Никто его за это не осуждает: все понимают, что эта дополнительная должность его вызвана материальной необходимостью. Кстати, за эту работу он пользуется только бесплатной квартирой: зарплата коменданту не положена. Как-то в воскресенье я застал Аудни в коридоре общежития за следующим занятием: он кроил дорожку из большого куска зеленого поролона. Мимо проходили студенты, многие из которых наверняка нередко пользуются словарем, составленным Аудни. Это было в воскресенье; в понедельник же Аудни был в гостях у Лакснесса, а во вторник — на приеме у министра культуры.

Итак, исландцы работают очень много. Норвежские учителя начальных школ жалуются — и справедливо — на большие перегрузки: норма у них тридцать три урока в неделю. А вот преподаватель физики в гимназии в Акюрейри Йоун Хафстейдн Йоунссон имеет в неделю сорок четыре часа! Бьёдн Торстейнссон, безусловно лучший историк современной Исландии, автор ряда очень интересных и глубоких книг и десятков статей по истории Исландии и Гренландии, преподает историю в гимназии и на женских курсах — около тридцати пяти — сорока часов в неделю.

При этом надо иметь в виду еще одно очень важное обстоятельство, упомянутое мною вскользь: исландцы очень много времени отдают общественной работе. Людей в стране мало, а организаций очень много, — собственно, есть все, что имеется в «большой» стране. Есть четыре политических партии, в Исландии выходит пять крупных ежедневных газет, есть множество различных обществ самого разнообразного характера (начиная от обществ дружбы — причем не только с такими странами, как СССР, Чехословакия, Англия, Норвегия, но и с малыми: если мне не изменяет память, есть даже общество «Исландия — Марокко» — и вплоть до обществ трезвенников и союза больных туберкулезом). Поэтому получается, что один и тот же человек и участвует в работе своей партии, и пишет в газету, и состоит в нескольких обществах.
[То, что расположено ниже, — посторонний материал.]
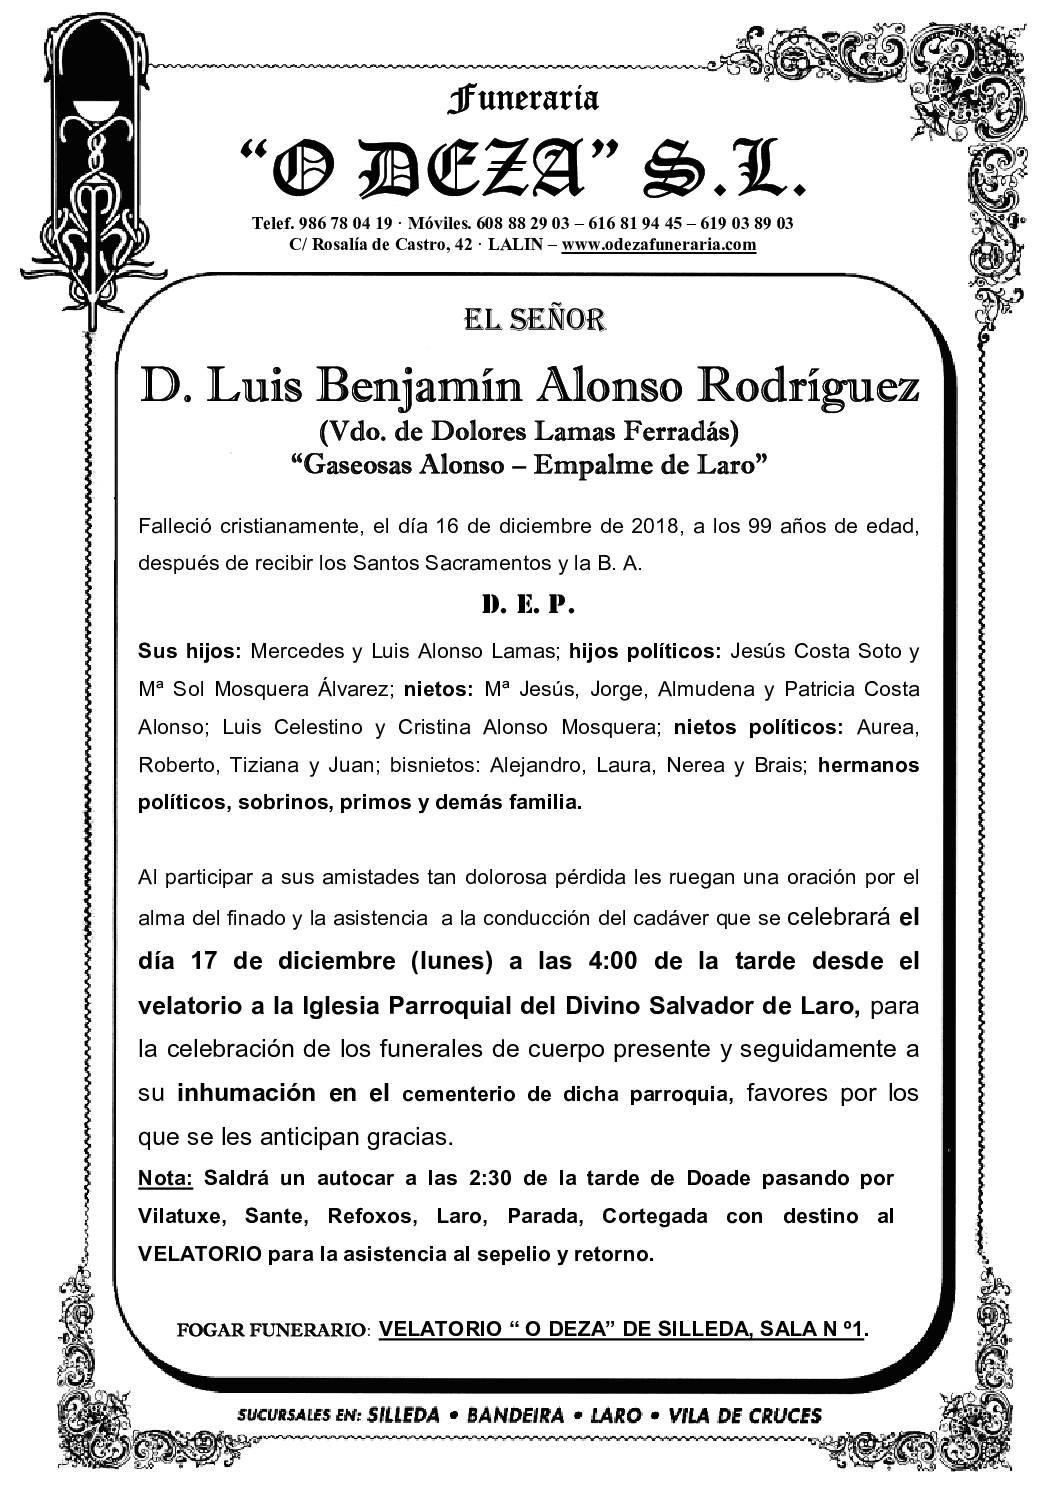 D. LUIS BENJAMÍN ALONSO RODRÍGUEZ

Естественно, что исландцы всегда заняты, вечно торопятся, времени им не хватает, спать ложиться приходится поздно, вставать нужно рано. Люди очень устают. По воскресеньям (так во всяком случае было в ноябре) страна отсыпается. Часов до 10–11 утра в воскресенье в городе почти не видно ни прохожих, ни автомобилей.

В Исландии очень много читают.

Я бывал в десятках семей, но не видел дома, где бы не было хотя бы пяти полок книг и на них, разумеется, всех «Саг об исландцах» — родовых саг. Саги — именно родовые саги, такие, как «Сага о Ньяле», «Сага об Эгиле», «Сага о Греттире», «Сага о людях из Лаксдаля» и другие, — фактически знают все. Это совсем не то, что принято называть обязательной литературой, просто люди с детства воспитаны на чтении саг; у нас так знают разве что хрестоматийные стихотворения классиков, например Пушкина. Исландия — уже много веков страна сплошной грамотности, и саги всегда были излюбленным чтением исландцев. В одном описании путешествия по Исландии конца прошлого — начала этого века есть такой эпизод: путешественник зашел на исландский хутор, на стук никто не откликнулся, и он прошел внутрь. В доме царил невероятный беспорядок, никого не было видно. Пройдя в кухню, он наконец увидел хозяйку: она сидела на столе, читала «Сагу о Ньяле» и была настолько поглощена чтением, что даже не заметила пришельца. Она начала утром перечитывать книгу и забыла обо всех своих обязанностях — о кухне, о скоте, словом, обо всем. В одном учебнике исландского языка есть фраза: «Каждый год я перечитываю „Сагу о Ньяле“».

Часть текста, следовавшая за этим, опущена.